Information supplied:
* * * *

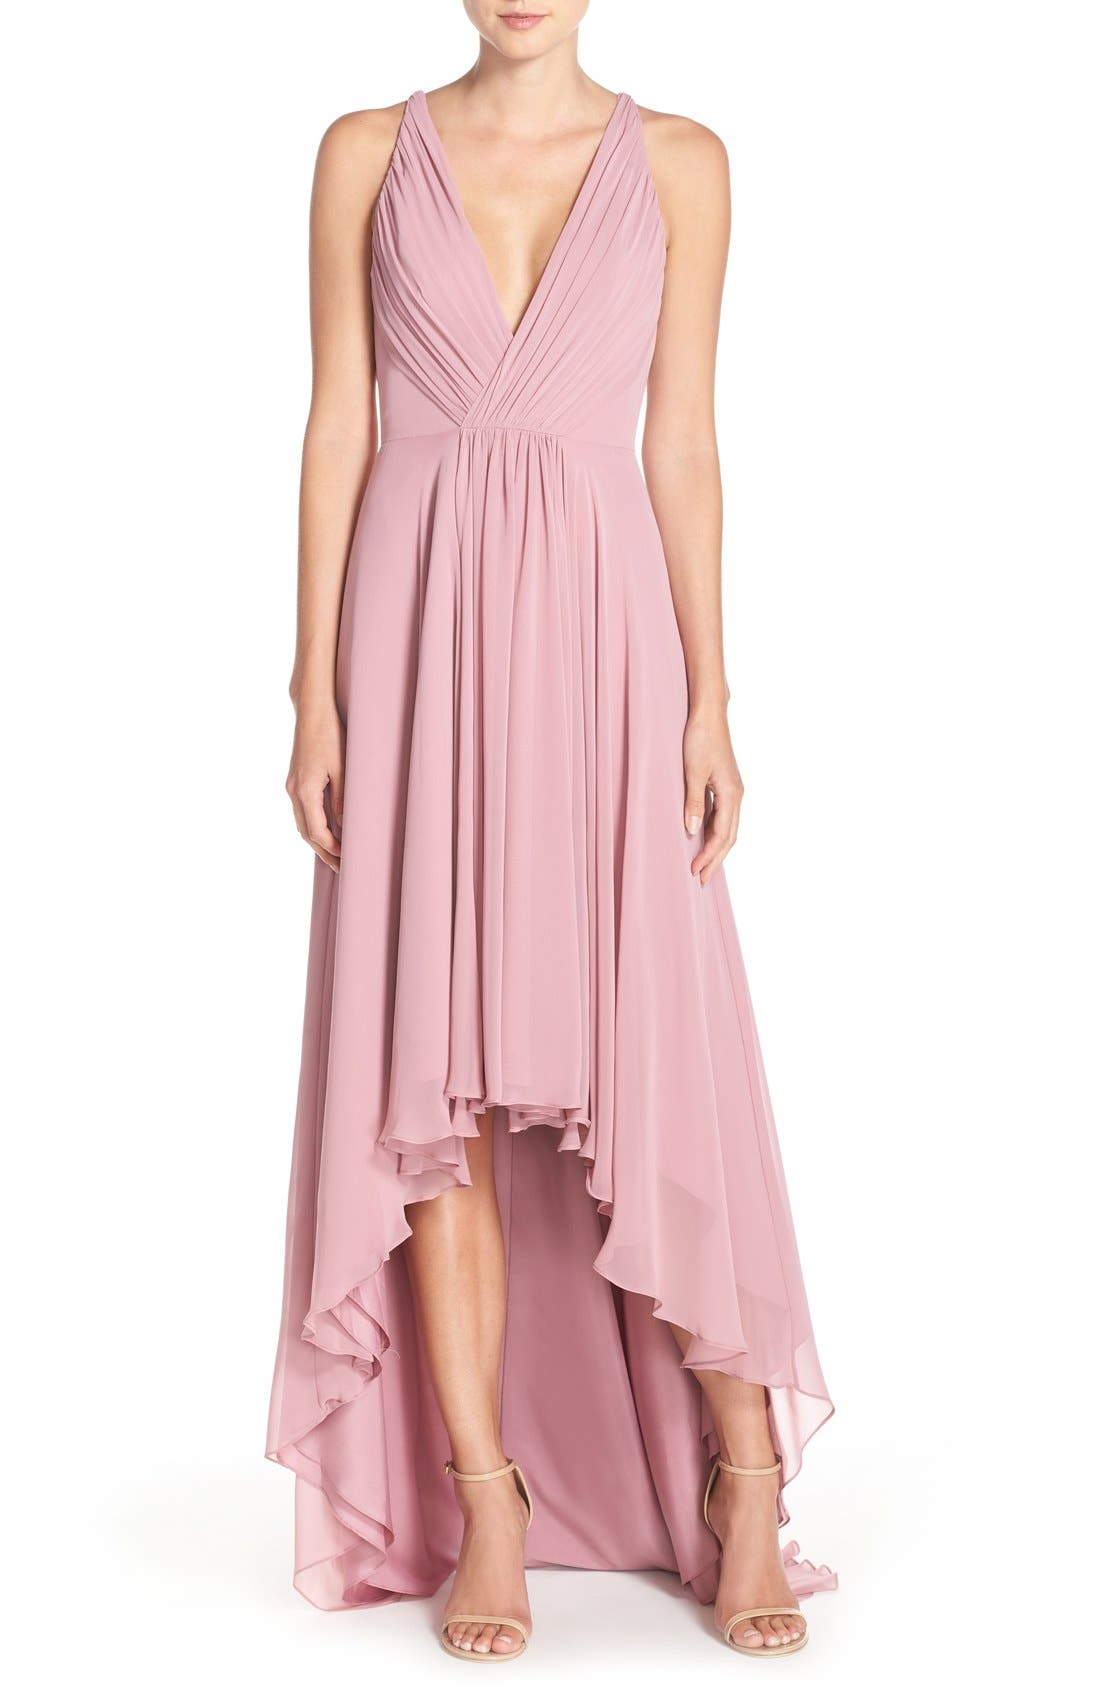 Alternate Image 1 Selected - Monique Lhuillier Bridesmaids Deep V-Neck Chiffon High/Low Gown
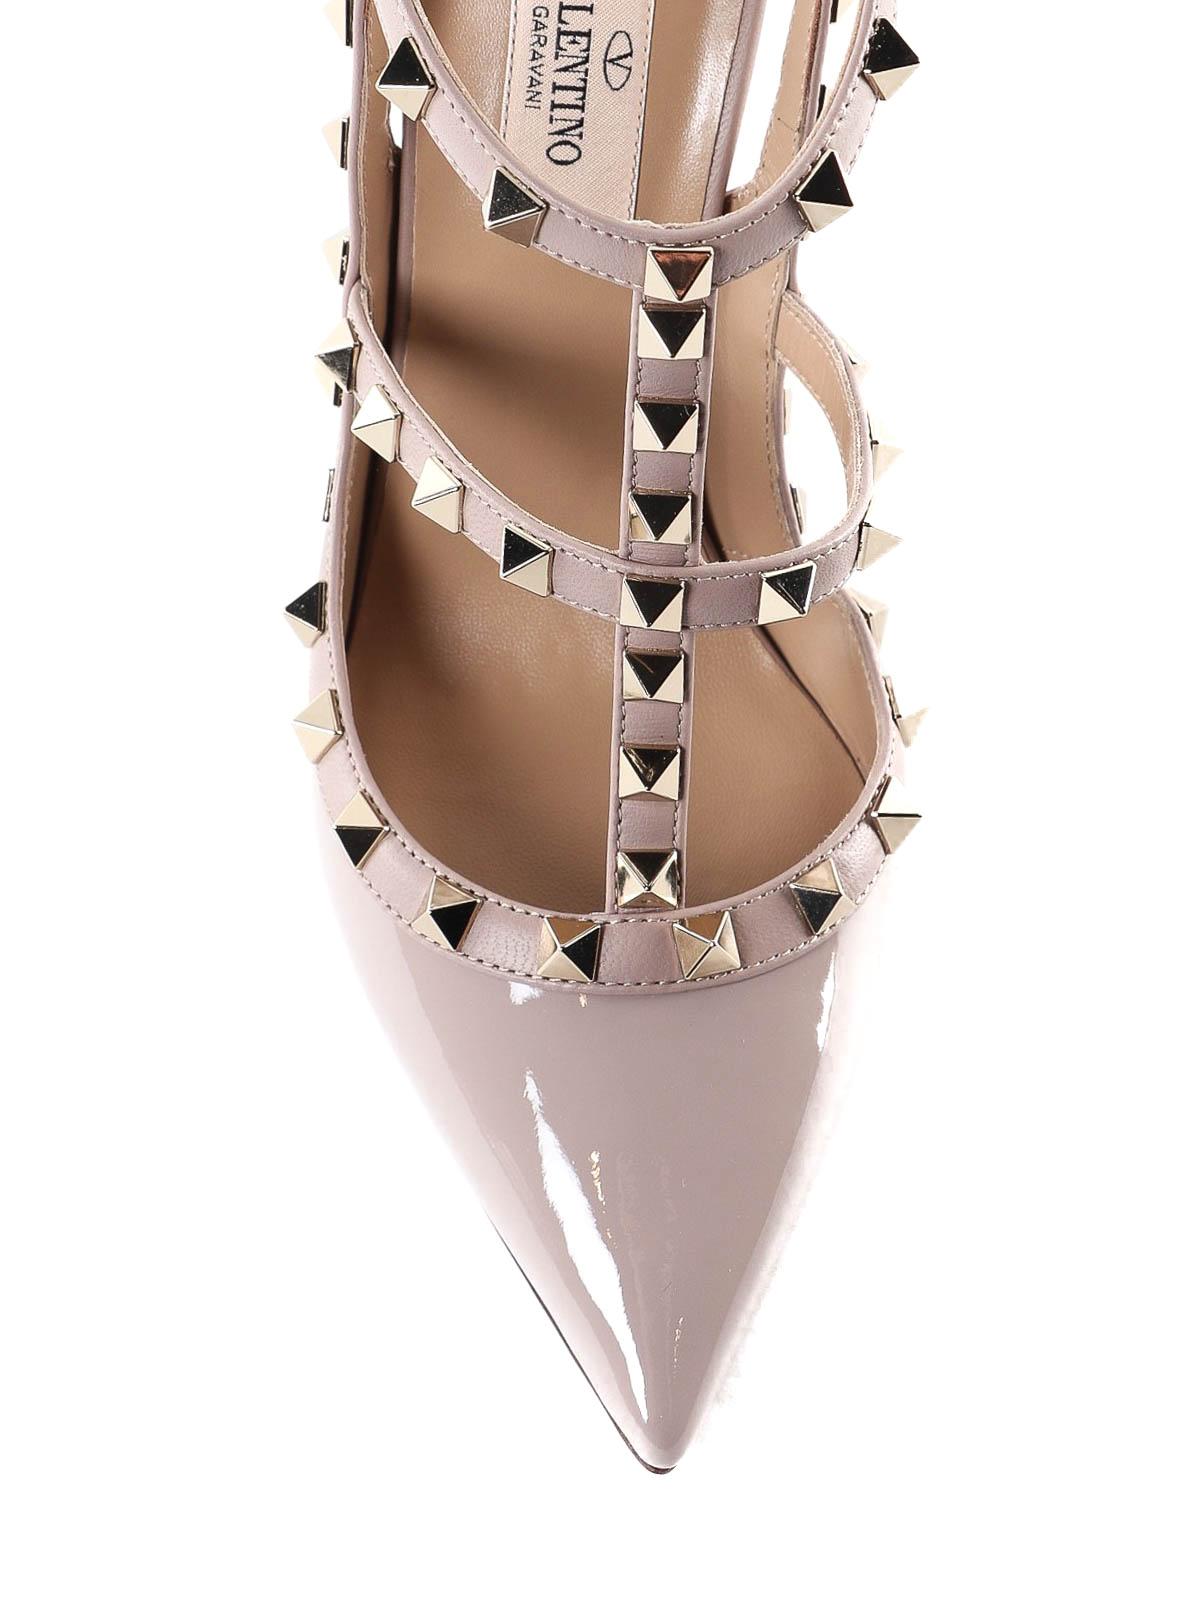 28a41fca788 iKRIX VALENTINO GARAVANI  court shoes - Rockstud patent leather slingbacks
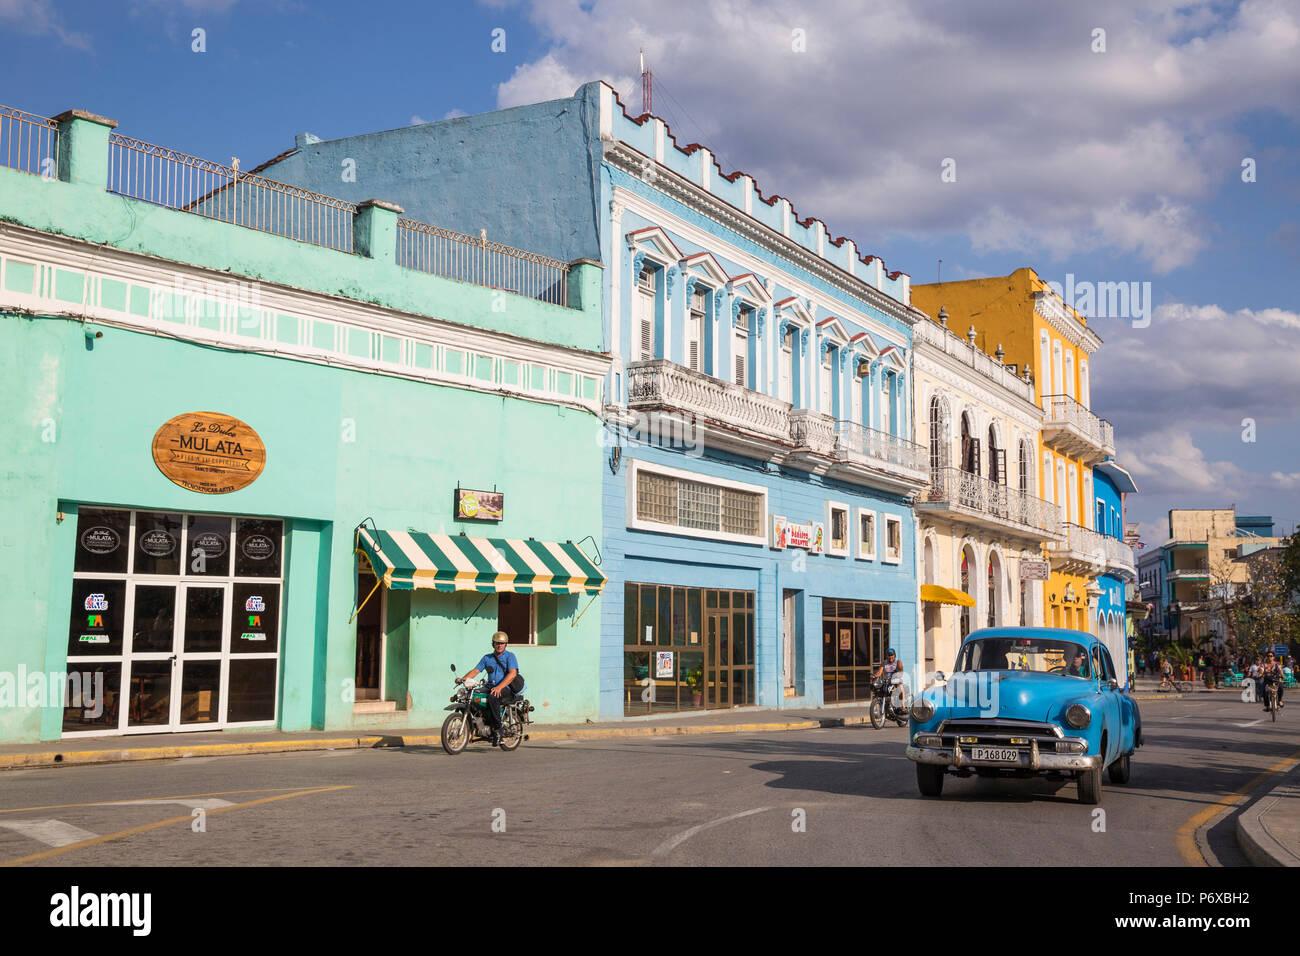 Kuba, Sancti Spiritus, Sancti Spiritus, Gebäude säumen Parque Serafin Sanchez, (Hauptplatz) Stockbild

* * * *

Task details:
Every line of the material must be returned exactly; leave the images out.

Written answer:
 Alternate Image 1 Selected - Monique Lhuillier Bridesmaids Deep V-Neck Chiffon High/Low Gown
 28a41fca788 iKRIX VALENTINO GARAVANI  court shoes - Rockstud patent leather slingbacks
 Kuba, Sancti Spiritus, Sancti Spiritus, Gebäude säumen Parque Serafin Sanchez, (Hauptplatz) Stockbild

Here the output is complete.